● **SUPPLIED DATA**
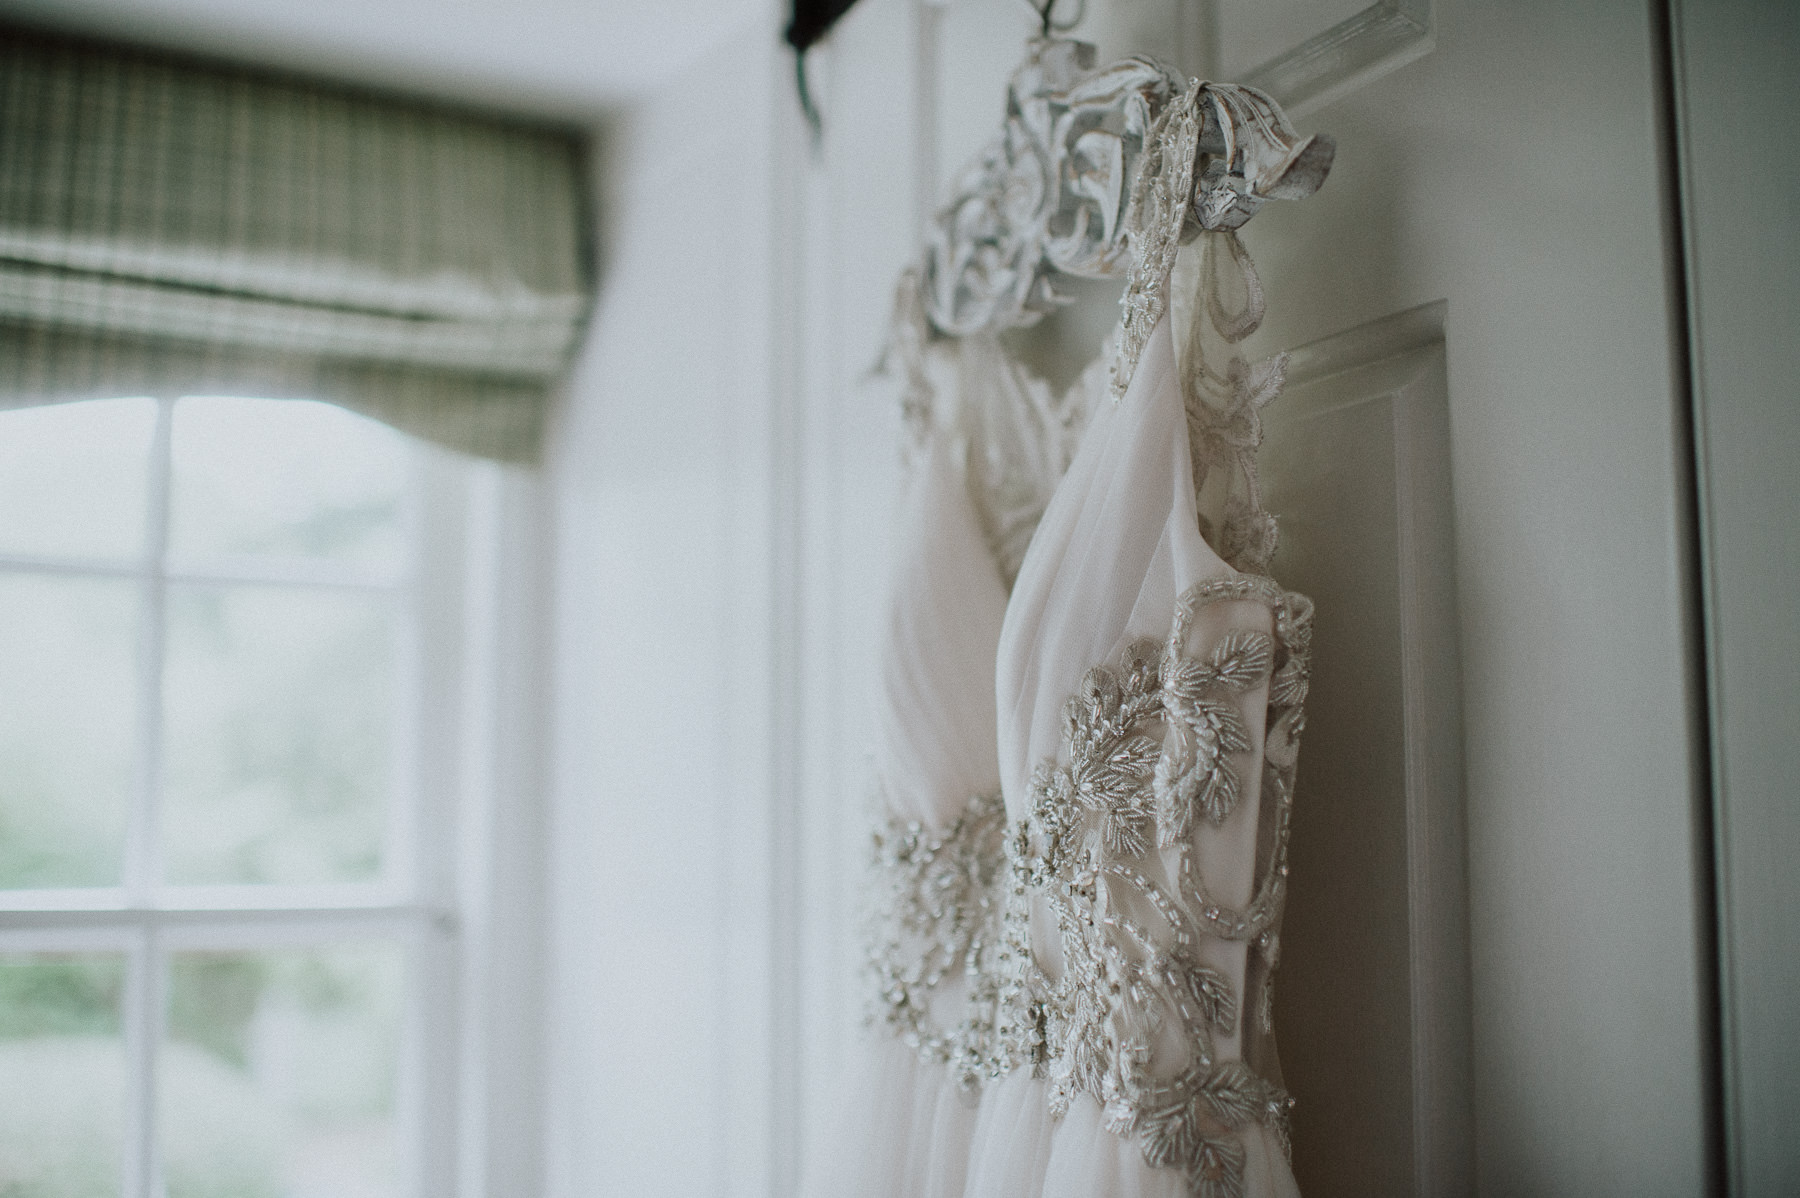 appleford-estate-wedding-photography-13.jpg
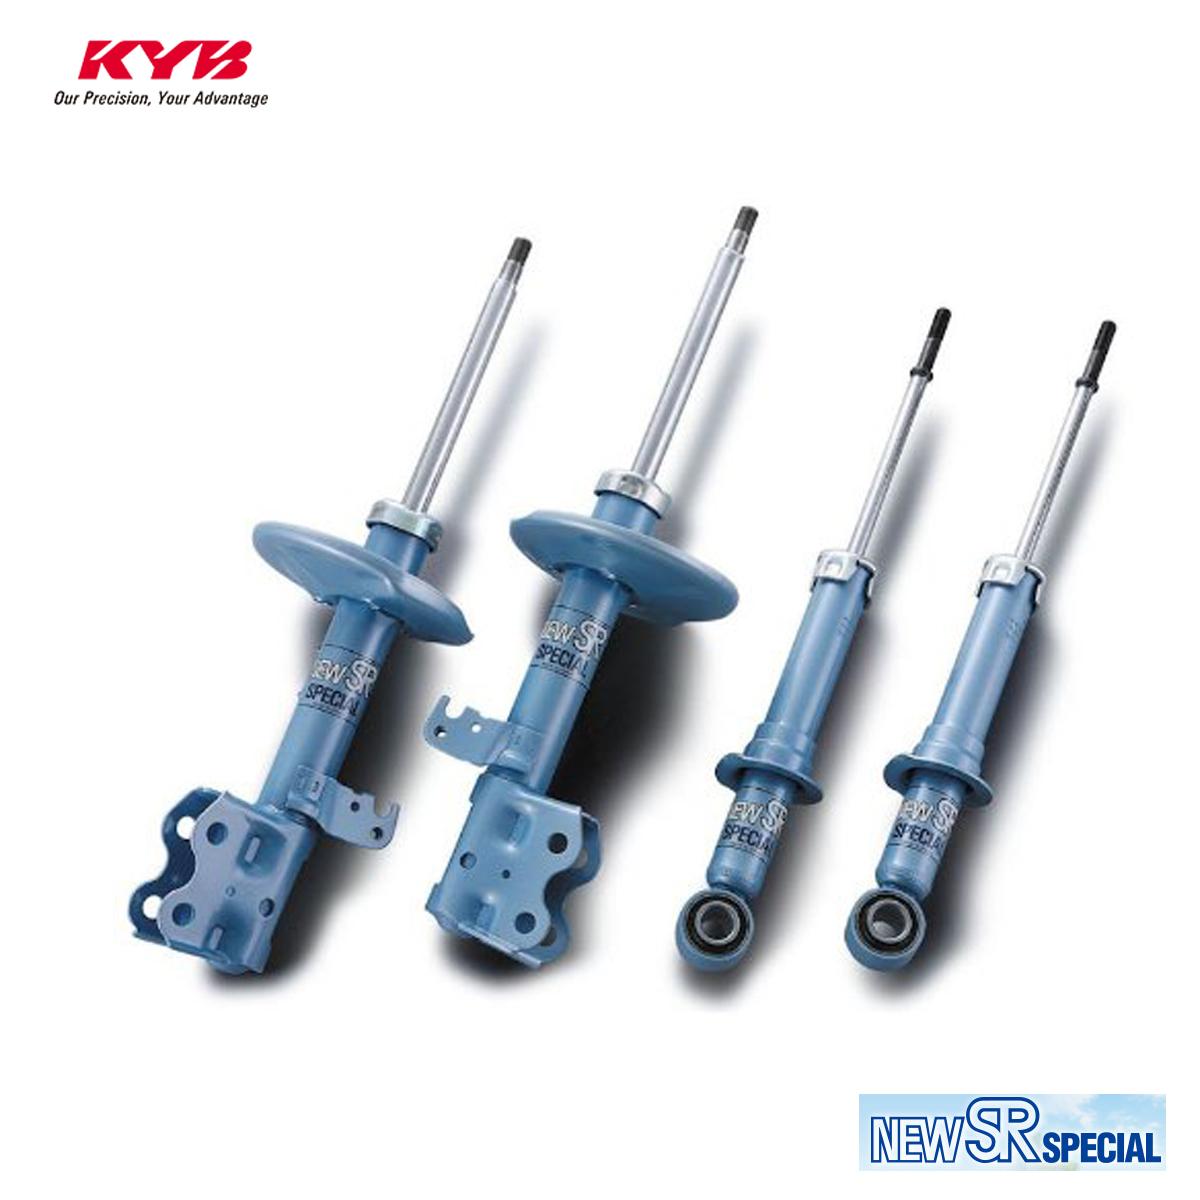 KYB カヤバ タント タントカスタム L375S ショックアブソーバー 1台分 NEW SR SPECIAL NS-53941100 配送先条件有り
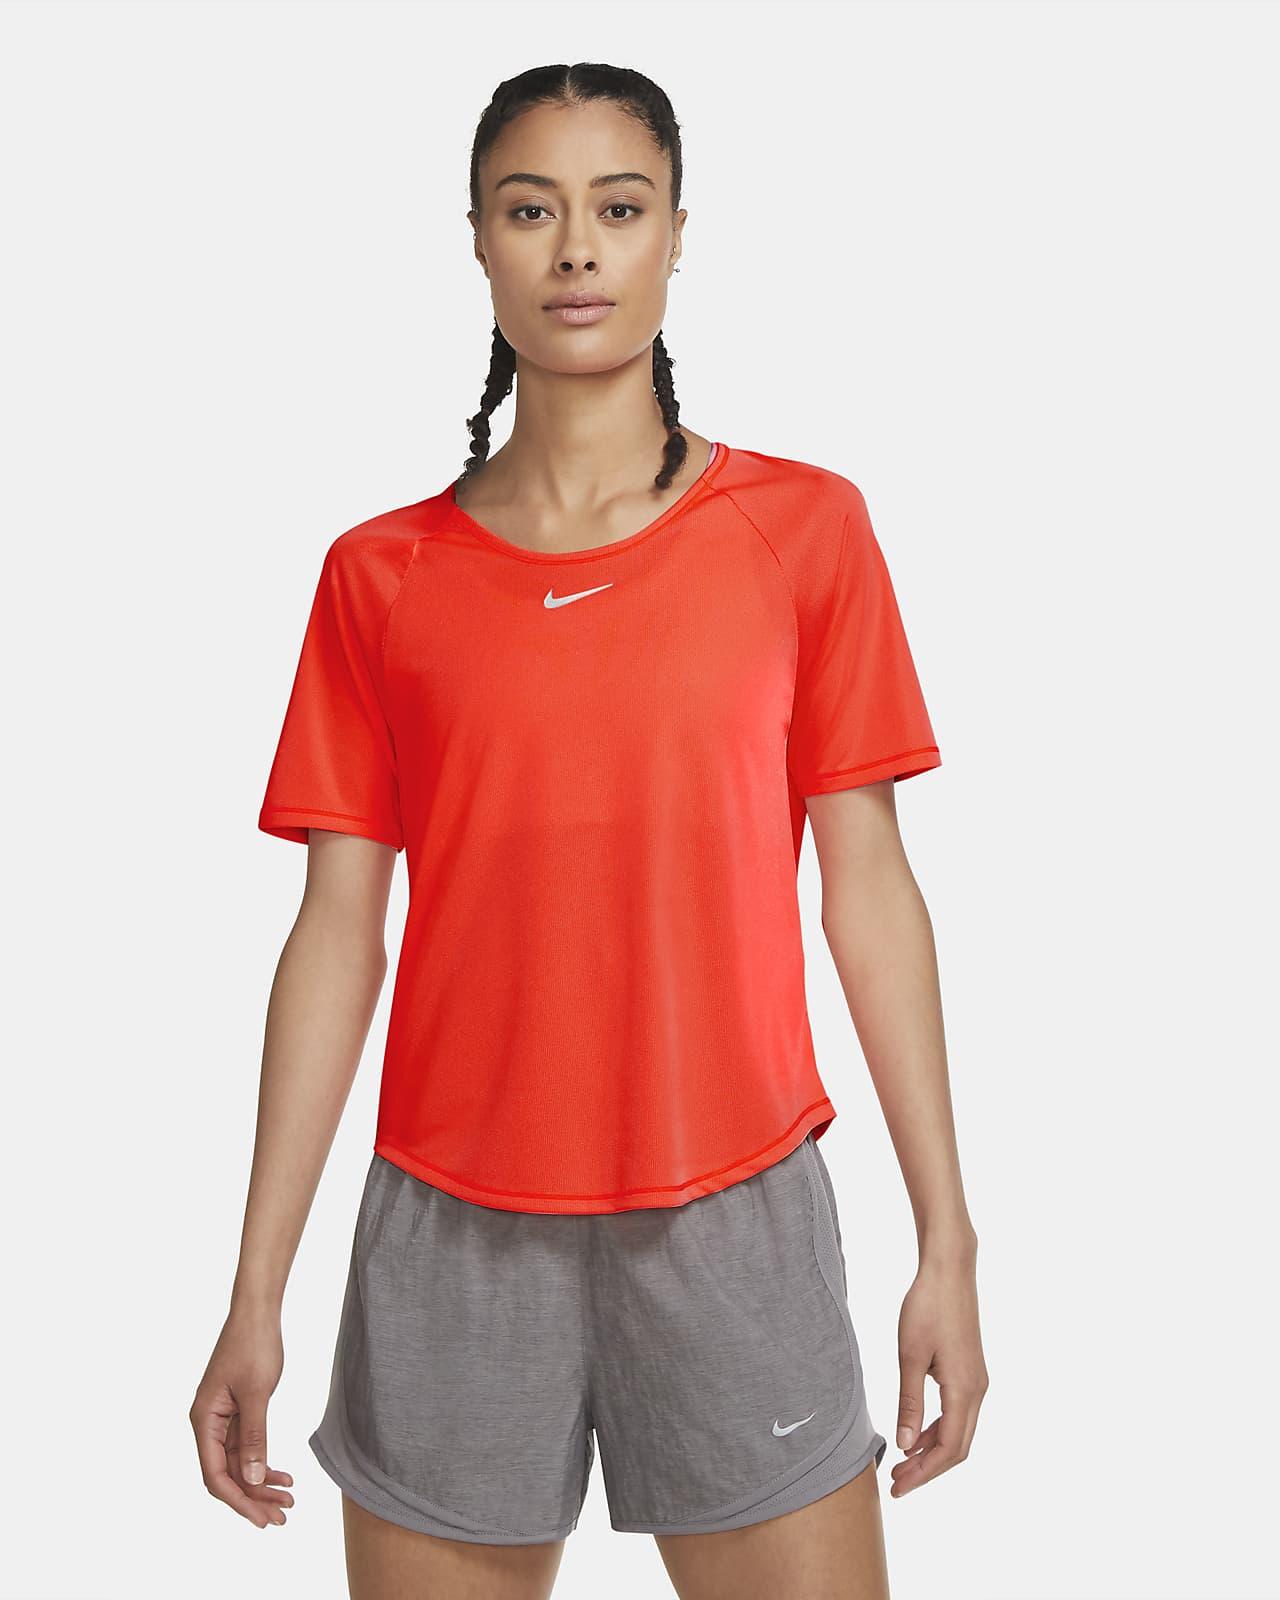 Nike Icon Clash Women's Short-Sleeve Running Top
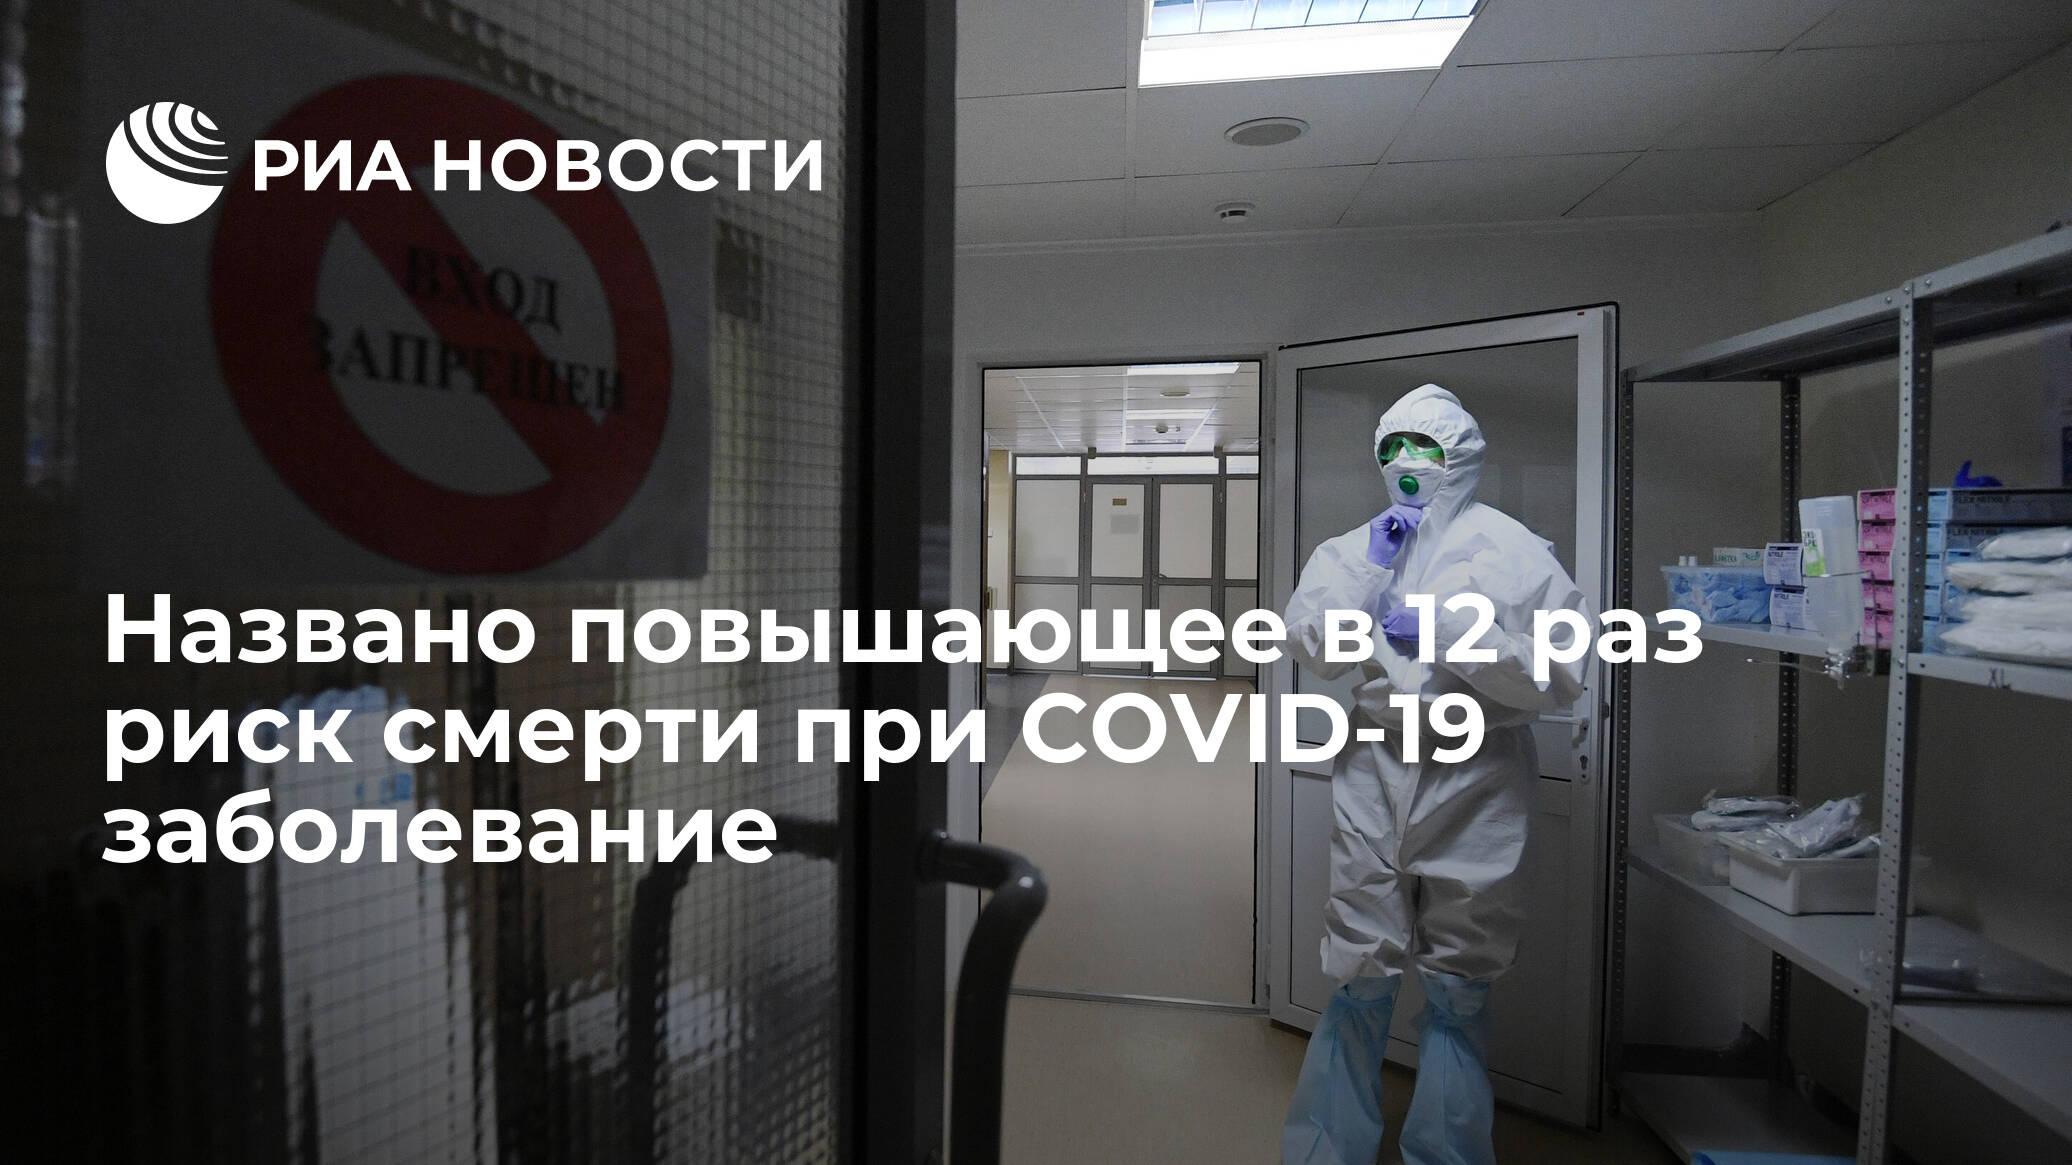 Названо заболевание, повышающее риск смерти при коронавирусе в 12 раз

● **WORK REQUIRED**
Copy exactly, please, every line from the one holding "KYB カヤバ タント" through the last line of the data, both ends included, and no pictures.

● **RESULT OF THIS TASK**
 KYB カヤバ タント タントカスタム L375S ショックアブソーバー 1台分 NEW SR SPECIAL NS-53941100 配送先条件有り
 Nike Icon Clash Women's Short-Sleeve Running Top
 Названо заболевание, повышающее риск смерти при коронавирусе в 12 раз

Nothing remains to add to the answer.